Some systems provide disease information in a variety of file types rather than via e-mail or text. Examples of such systems are the KCDC system [19], EpiSPIDER [20], Google Flu Trends [21], and Influenzanet [22]. The KCDC constructed an infectious disease portal system that provides infectious disease incident information sorted by disease, region, gender, and age in three file formats: XML, XLS, and CSV. EpiSPIDER is a disease information system that collects information in various forms, such as ProMED-mail, really simple syndication feeds, and social network services. EpiSPIDER provides users with disease outbreak information in the form of a CSV file. Google’s Flu Trends is a system that utilizes Google search data to presents information regarding influenza outbreaks. Users can download the information provided by Flu Trends in the form of a CSV file. Finally, Influenzanet is a system on the web that analyzes the prevalence of influenza-like illnesses. This system provides data on weekly outbreaks of influenza-like illnesses in a CSV file.
There are also disease information systems that utilize methods for providing information regarding disease outbreaks on a map. Typical examples are HealthMap [23], BioCaster [24], Google Flu Trends [25], [26], FluNet [27], and EpiSPIDER. HealthMap is a mutual disease information map based on the Google Maps API. HealthMap provides information regarding the occurrence of infectious diseases, primarily through geographic locations. This system collects infectious disease outbreak data in real time via Google, the news media, WHO, and infectious-disease-related websites. The filtered information includes the date of infectious disease outbreak, location where the infectious disease appeared, and other infectious disease information. The location of an outbreak is shown on a map.
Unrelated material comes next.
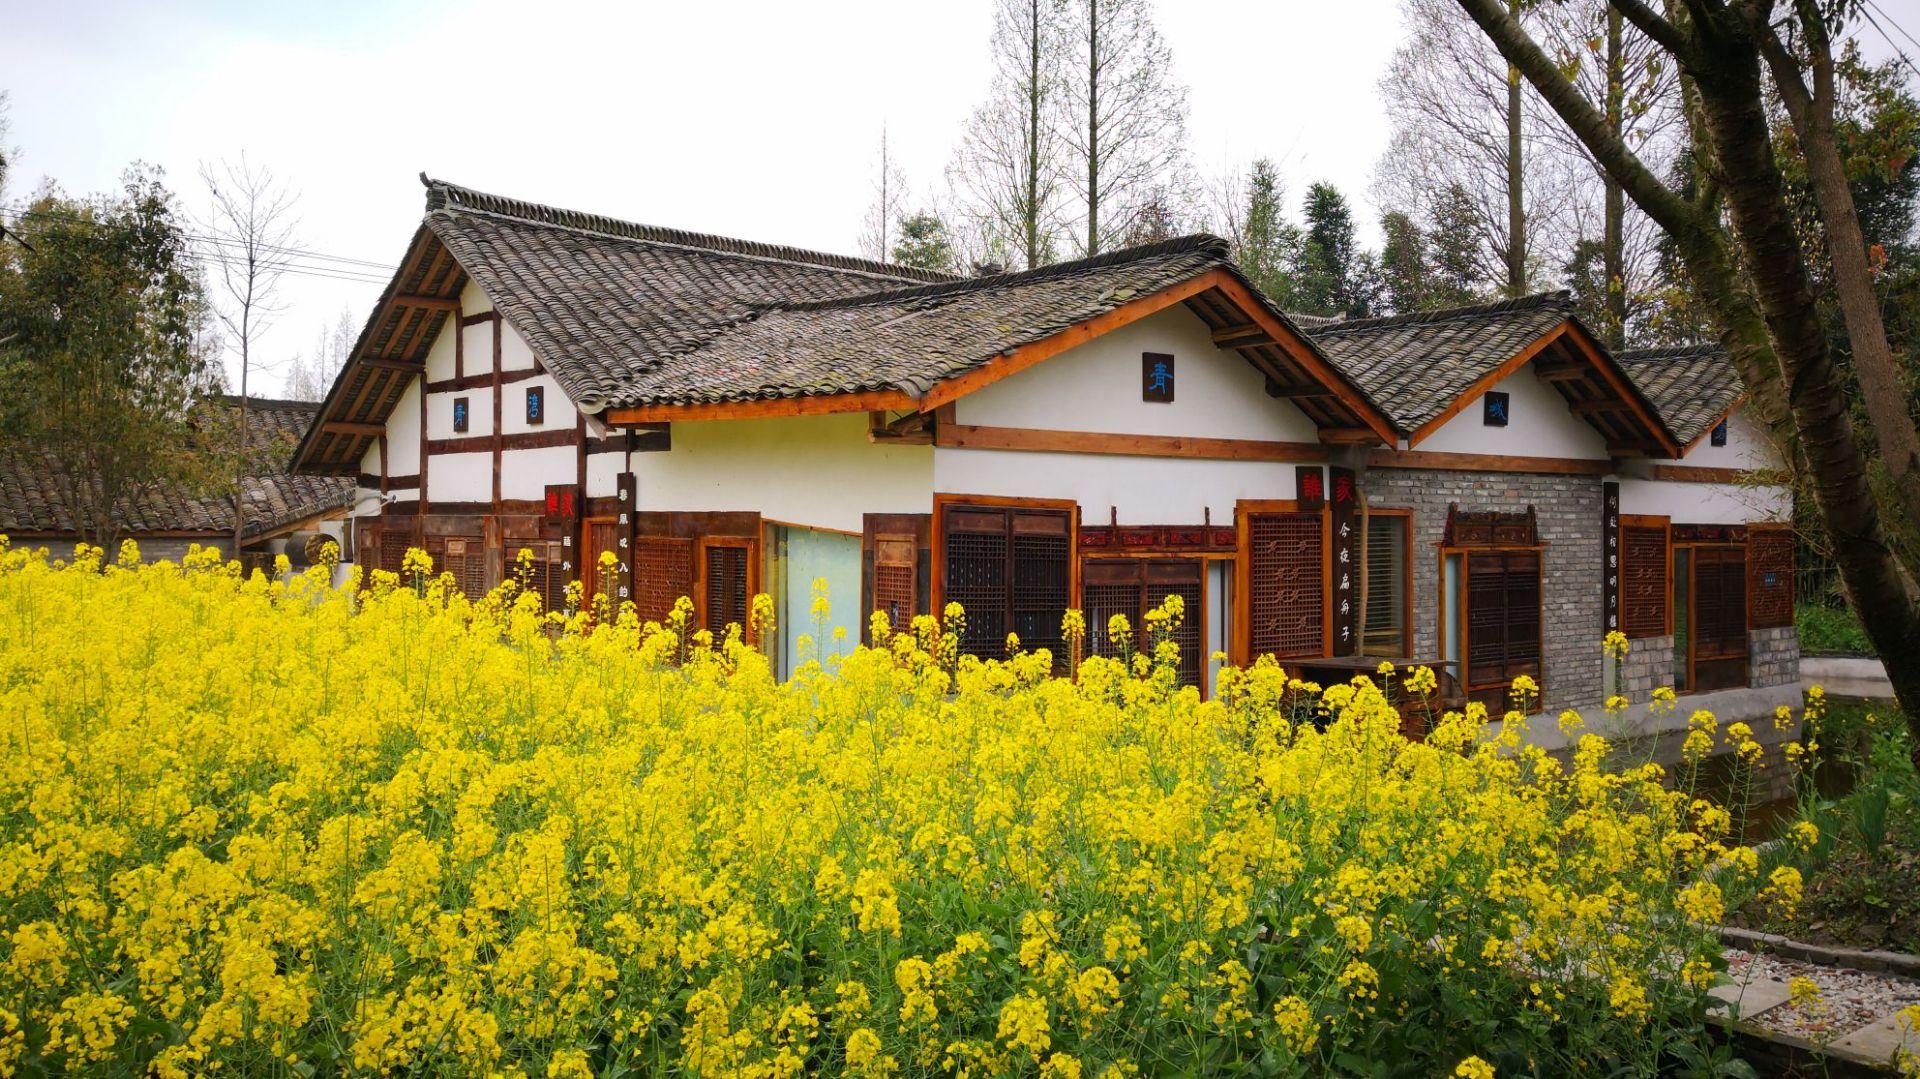 Qingchengwan Wetland Manor

HealthMap calculates weights according to the date of occurrence, number of disease outbreaks, and location information, and it displays risk levels on a map. The aforementioned ProMED-mail also provides location information via the HealthMap in web-based systems. BioCaster also presents new keywords and information related to diseases filtered by month or week. Google Flu Trends analyzes influenza-related terms entered by users with regard to specific regions and then classifies influenza activity into five grades: intense, high, moderate, low, and minimal. The system then visualizes the grades on a map. Flunet is a web-based system implemented by the WHO to create a global influenza network. Flunet fetches weekly data from influenza centers in several countries, analyzes outbreak information, and fetches infectious disease information from national agencies and the media in real time. This system visualizes the risk of influenza in a country on a map. Finally, EpiSPIDER extracts subjects, dates, and location information related to diseases from data collected by news agencies and other sources. This system provides disease information for a year on a map.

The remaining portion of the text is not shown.